Louis made a sign of adieu and dipped his oars.

"It's only au revoir," said he, shooting past. "Be very, very far from parting with Magog too early."

"'So lone a lake, so sweet a strand,'" repeated Adam, dropping his head back against the stern.

He did not move while the sound of the other's oars died away behind him. He did not move while the afternoon shadows spread far over the water.

The long Canadian twilight advanced stage by stage. First, all Magog flushed, as if a repetition of the old miracle had turned it to wine. Then innumerable night-hawks uttered their four musical notes in endless succession, upon the heights, down in the woods, from the mainland mountain. The north star became discernible almost overhead. Then, with slow and irregular strokes, Adam pulled away from the cliff, and brought his keel to grate the sand in front of his tent.

Eva was sitting there on a rock, huddling a shawl around her.

"Oh, Adam Macgregor!" she began, in a low voice, "and do you condescend to bring your wraith back to me at last?"

"It's nothing but my wraith," said Adam, lifting his eggs and butter and milk, and stepping from the boat. "The mon in me died aboot noon."

Eva walked along by his side to the cool-box, where he deposited his load.

"What is the matter with you, laddie, that you look and talk so strangely?"

"Oh, naught," said Adam, turning and facing her. "I but saw you kissing Louis Satanette on the hill to-day."

III. THE FLAMING SWORD

The changes which passed over her face were half concealed by the twilight. She was grieved, indignant, and frightened, but over all other expressions lurked the mischievous mirth of a bad child.

"I meant to tell you about it," she said.

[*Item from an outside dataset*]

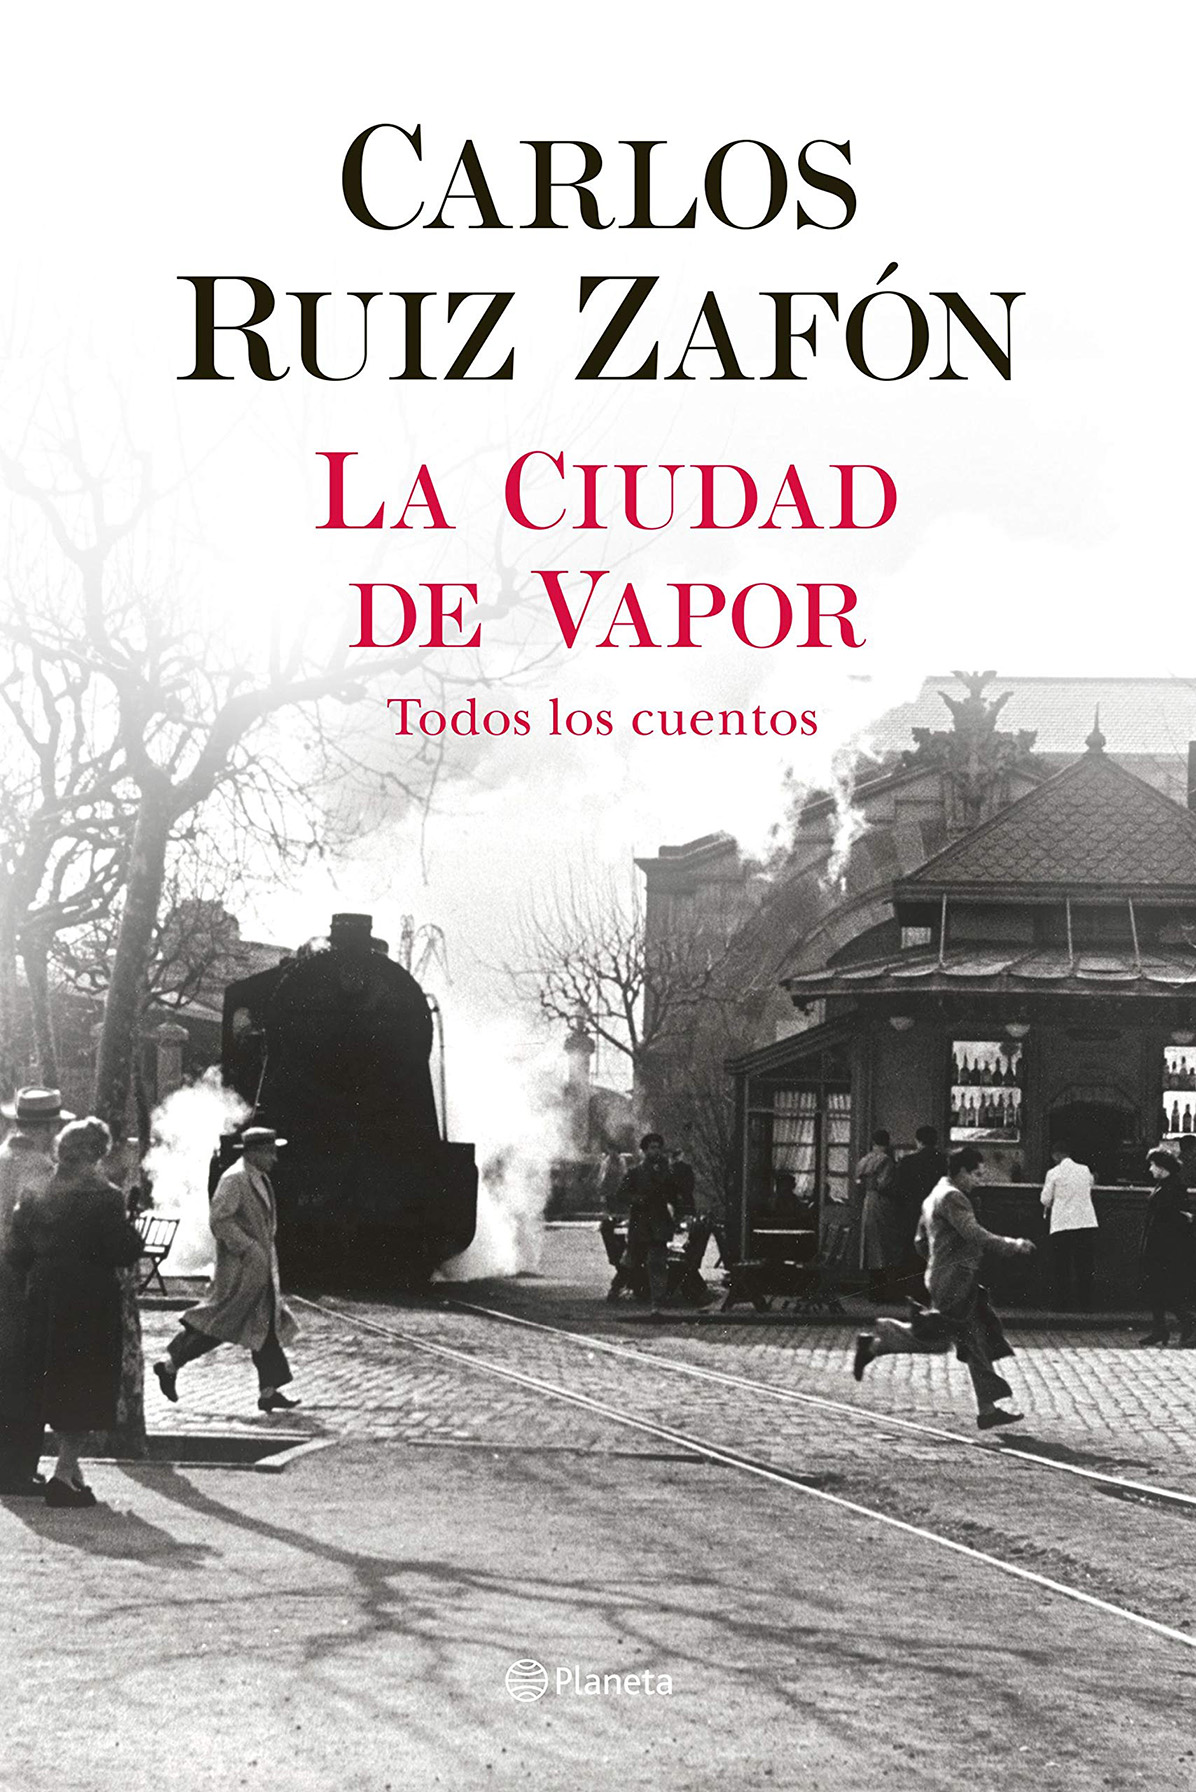 La ciudad de vapor (Carlos Ruiz Zafón, 2020)

"Hearken," said Adam, with a fierce stare. "I've stayed out on the lake all day, and I'm quiet. At first I wasn't. But when he came by I gave him nothing but a good word."

"I wish you'd scolded him instead of me," said Eva, propping her back against the table and puckering her lips.

"He did naught," said Adam, "but what any man would do that got lave. It's you that gave him lave that are to blame."

"Don't be so serious about a little thing," put forth Eva. "We just walked over to the counterfeiters' hole, and coming back we picked strawberries, and he teased me like a girl, and caught hold of me and kissed me. We've been such good friends in camp. I think it's this easy, wild life made me do it."

"She'll blame the very sky over her instead of taking blame to herself," ground out Adam from between his jaws. "I sat in me boat below and saw you arch your head and look at him ways that I remember. My God! why did you make this woman so false, and yet so sweet that a mon canna help loving her in spite o' his teeth?"

"Because I'd die if folks didn't love me," burst out Eva, with a sob. "And if men can't help loving me, what do you blame me for?"